A Run With AP and Friends

My daughter Laurel told me how wearing exercise clothes can make you want to exercise, so I bought the uniform of the runner—leggings—and it sort of works. Once I put them on, I feel like I’ve made a commitment to run.

This morning I really didn’t want to run—and when I say “run”, I mean “walk-run,” with more walking than running at this point in my 5K run app.

So, I didn’t want to run, but I had on the leggings and my father was still sleeping and Mary was downstairs in case he got up anyway and I had no other excuses. I headed out the door and down the hill.

About 5 minutes in, I heard a *ka-pling* from my phone, so I checked to see if I was supposed to start running, but it was a message from a friend. I barely had time to see her name when I heard the *ding* signaling time to run. I shoved my phone back in my pocket, and began running and praying for her.

Lord, I don’t know what’s going on with my friend

Meanwhile, in the background of my run, Andrew Peterson was singing through my earbuds, “Keep to the old roads, keep to the old roads, and you’ll find your way…”

I focused on a distant tree, telling myself I could run that far. It’s a thing I do because I really hate running–set a short-term goal.

*ding* — I could walk again. I pulled out my phone and read her note. “We are very lost and hurt…”

“Keep to the old roads,” sang Andrew. He was on the last chorus.

Lord, help her to remember the old roads. Help her find her way.

I know that lost feeling, when it seems like everything is wrong and wasted. I thought of another friend who recently lost her home in a fire, and the heavy ache she must feel sifting through the ashes. I’ve gotten those heart-wrenching phone calls and driven to far away emergency rooms. I sat with my mother through her last breaths.

*ding* — Time to run again. I picked a barn to run to. Andrew was singing “Dancing in the Minefields.”

“This is harder than we dreamed…” Indeed, it is. Marriage, parenting, life.

It all is so hard, and no one warns us about that.

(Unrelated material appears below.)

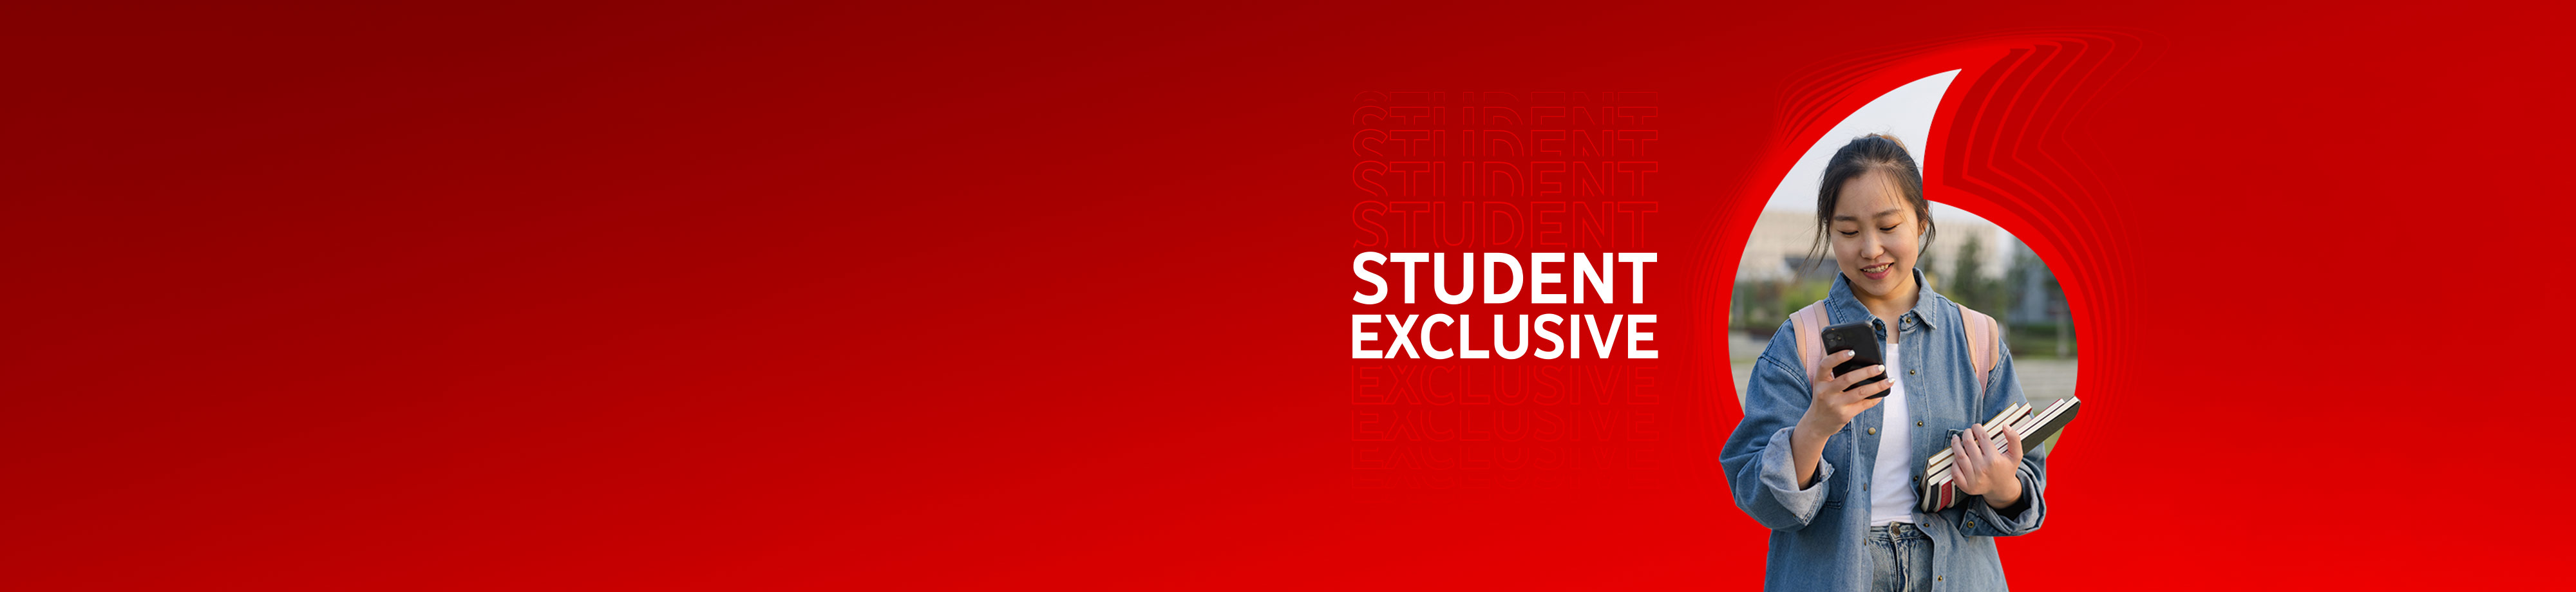 Vodafone Exclusive offers for students

Or they do, and we don’t believe it because we have stars in our eyes and hope in our hearts. But the stars are replaced with the pollution of life, stinging our eyes. And the hope in our hearts withers like an unwatered plant.

Lord, walk with her in these shadowlands.

And so my walk-run went.

Andrew sang, “So when my body’s weak and the day is long, When I feel my faith is all but gone, I’ll remember when I sing this song, that I believe….”

And I prayed.

Andrew sang, “Isn’t it love?”

And I prayed.

The last bit of my run-walk is miserable, absolutely miserable. I start off going downhill which means I finish going up.

I thought about a comment Jonathan Rogers had made recently, when someone praised him for being an encouragement.  He said something like, “I’m like the cross-country coach who pulls alongside in the golf cart, takes a drag of his cigarette, and tells you to keep going.”

I thought about a new friend who wished me Bon Courage and explained that it’s not about bravery, but strength and resolve.

I thought about my friend who is lost and struggling, and how we’ve all been the guy in the golf-cart before, smoking our cigarettes and encouraging from a place of comfort, while we really don’t understand the pounding on the pavement pain of the runner in that moment. It seems we all need strength and resolve, to be able to set our sights on reachable goals.

We also need to remember the ultimate goal, given to us in the book of Hebrews, of running with endurance the race that is set before us. We have a cloud of witnesses—not riding golf-carts. We need to focus on Christ for our strength and resolve, our bon courage.

And so I prayed for my friend as I finished that final hill.